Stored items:
######

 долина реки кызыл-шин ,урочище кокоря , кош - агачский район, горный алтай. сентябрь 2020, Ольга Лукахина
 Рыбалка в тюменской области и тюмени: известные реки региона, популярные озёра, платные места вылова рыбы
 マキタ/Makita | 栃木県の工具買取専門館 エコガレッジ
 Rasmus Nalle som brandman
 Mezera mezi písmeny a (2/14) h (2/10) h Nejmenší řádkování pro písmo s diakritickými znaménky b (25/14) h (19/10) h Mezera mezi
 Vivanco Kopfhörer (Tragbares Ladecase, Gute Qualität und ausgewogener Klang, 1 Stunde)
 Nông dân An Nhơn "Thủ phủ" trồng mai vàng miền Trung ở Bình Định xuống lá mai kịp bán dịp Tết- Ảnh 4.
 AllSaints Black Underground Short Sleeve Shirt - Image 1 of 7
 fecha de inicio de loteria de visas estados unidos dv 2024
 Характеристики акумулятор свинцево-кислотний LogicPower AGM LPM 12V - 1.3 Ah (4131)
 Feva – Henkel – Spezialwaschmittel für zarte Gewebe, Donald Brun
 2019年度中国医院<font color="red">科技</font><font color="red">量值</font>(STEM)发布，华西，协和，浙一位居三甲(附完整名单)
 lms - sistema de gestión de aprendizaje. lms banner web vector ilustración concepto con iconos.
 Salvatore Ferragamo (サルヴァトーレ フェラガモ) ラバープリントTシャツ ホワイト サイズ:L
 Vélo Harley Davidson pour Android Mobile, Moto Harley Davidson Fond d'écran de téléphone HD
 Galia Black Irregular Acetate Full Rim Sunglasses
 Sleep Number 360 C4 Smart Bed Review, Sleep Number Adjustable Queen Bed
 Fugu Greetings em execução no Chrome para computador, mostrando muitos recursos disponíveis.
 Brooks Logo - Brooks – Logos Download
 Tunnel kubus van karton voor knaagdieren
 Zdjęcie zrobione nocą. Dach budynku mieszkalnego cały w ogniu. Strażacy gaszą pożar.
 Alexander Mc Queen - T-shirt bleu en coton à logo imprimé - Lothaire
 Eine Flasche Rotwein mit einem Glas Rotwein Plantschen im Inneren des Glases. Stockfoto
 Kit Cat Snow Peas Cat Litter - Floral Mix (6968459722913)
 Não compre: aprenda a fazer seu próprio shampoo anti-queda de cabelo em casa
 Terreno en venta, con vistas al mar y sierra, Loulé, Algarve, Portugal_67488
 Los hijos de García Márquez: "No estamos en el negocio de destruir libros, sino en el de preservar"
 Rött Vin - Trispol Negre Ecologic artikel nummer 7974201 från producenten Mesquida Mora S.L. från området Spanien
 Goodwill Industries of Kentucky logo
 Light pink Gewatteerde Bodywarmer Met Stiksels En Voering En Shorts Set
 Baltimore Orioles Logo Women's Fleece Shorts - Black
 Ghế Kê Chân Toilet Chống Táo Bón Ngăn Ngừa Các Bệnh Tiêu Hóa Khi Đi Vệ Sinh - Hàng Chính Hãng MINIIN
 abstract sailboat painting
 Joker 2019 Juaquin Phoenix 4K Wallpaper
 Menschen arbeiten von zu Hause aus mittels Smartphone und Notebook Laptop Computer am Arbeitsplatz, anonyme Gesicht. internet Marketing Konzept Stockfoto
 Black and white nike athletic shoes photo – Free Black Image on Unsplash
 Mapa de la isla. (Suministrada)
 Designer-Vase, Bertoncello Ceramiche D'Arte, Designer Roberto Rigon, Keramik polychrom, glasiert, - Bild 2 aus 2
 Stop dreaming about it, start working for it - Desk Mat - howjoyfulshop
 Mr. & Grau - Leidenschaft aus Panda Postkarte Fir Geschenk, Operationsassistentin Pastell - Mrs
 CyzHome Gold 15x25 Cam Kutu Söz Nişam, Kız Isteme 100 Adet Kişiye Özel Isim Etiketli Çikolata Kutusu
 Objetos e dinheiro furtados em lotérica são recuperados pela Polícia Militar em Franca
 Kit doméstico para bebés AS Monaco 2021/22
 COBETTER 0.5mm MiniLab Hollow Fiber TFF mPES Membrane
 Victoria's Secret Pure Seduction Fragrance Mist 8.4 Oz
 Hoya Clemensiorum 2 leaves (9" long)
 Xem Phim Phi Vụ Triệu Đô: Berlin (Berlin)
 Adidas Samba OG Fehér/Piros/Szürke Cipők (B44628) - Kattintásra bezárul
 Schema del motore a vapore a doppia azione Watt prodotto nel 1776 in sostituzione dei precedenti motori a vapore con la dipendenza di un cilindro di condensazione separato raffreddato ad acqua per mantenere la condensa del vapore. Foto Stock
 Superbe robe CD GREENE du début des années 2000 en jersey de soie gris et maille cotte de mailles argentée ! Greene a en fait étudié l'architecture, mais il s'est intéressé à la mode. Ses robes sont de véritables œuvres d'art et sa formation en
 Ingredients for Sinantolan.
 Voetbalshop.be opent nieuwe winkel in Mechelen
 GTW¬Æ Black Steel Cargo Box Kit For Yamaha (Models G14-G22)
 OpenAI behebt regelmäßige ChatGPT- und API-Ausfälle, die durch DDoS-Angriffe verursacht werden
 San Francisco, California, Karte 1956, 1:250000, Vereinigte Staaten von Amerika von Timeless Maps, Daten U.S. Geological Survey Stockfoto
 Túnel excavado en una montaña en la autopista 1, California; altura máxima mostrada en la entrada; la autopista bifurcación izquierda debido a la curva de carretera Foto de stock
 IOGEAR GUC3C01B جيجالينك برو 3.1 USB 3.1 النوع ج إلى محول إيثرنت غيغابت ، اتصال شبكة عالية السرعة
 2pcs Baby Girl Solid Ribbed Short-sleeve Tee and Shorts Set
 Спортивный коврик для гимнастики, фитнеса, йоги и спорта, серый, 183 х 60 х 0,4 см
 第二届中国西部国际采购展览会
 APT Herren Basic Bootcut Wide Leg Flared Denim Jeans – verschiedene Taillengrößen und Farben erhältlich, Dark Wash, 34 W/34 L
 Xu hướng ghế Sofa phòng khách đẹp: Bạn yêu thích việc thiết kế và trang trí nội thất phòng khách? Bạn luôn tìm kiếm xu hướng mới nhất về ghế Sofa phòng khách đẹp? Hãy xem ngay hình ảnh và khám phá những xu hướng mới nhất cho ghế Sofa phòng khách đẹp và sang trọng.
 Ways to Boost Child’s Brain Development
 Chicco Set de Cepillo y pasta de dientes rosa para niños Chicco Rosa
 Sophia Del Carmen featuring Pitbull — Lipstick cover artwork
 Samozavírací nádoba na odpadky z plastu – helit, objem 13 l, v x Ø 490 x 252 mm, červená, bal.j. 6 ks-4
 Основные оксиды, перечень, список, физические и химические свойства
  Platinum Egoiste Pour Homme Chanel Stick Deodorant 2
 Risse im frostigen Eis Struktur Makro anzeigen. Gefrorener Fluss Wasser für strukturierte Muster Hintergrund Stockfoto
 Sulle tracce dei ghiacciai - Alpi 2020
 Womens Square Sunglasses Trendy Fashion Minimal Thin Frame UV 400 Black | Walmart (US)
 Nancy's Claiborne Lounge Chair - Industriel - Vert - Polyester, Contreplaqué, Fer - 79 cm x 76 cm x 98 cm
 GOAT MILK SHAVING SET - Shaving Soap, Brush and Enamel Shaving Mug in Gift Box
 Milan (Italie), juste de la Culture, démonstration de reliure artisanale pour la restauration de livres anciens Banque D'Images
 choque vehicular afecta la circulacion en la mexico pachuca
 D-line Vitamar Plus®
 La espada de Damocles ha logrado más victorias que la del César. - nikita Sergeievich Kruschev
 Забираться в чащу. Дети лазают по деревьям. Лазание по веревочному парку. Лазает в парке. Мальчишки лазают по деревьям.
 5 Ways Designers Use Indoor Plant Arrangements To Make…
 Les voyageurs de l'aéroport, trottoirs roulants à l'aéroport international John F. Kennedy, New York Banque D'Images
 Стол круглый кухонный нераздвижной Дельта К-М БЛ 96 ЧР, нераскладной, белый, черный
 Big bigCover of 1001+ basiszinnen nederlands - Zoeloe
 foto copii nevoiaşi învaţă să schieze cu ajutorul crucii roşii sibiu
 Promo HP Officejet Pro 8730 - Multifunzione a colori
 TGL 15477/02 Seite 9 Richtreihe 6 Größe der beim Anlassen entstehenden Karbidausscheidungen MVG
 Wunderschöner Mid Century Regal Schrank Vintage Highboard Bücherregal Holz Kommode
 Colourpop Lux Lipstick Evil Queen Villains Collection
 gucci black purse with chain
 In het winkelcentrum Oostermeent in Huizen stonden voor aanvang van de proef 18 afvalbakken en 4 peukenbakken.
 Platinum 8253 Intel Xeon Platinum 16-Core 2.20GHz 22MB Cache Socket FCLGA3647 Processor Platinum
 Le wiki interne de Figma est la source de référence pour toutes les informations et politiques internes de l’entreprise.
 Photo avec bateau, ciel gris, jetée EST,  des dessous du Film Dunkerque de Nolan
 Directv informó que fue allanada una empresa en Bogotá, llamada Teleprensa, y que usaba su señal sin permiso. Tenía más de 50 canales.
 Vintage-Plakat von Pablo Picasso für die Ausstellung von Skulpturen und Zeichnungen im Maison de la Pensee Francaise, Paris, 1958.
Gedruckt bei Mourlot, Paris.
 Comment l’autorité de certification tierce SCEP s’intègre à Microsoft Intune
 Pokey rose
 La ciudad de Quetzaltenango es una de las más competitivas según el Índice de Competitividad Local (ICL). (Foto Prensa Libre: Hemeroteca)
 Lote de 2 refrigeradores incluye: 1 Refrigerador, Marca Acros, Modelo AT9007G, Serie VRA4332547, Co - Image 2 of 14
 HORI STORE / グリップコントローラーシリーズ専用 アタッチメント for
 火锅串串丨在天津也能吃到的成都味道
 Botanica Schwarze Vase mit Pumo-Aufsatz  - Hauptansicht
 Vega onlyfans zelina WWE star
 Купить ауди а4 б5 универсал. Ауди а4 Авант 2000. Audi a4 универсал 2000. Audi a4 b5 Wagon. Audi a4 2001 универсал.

######

» How to complete this task: Only certain lines are wanted. Please return exactly those from the top of the data through the line with "マキタ/Makita | 栃木県の工具買取専門館 エコガレッジ".

» Response to this task:
 долина реки кызыл-шин ,урочище кокоря , кош - агачский район, горный алтай. сентябрь 2020, Ольга Лукахина
 Рыбалка в тюменской области и тюмени: известные реки региона, популярные озёра, платные места вылова рыбы
 マキタ/Makita | 栃木県の工具買取専門館 エコガレッジ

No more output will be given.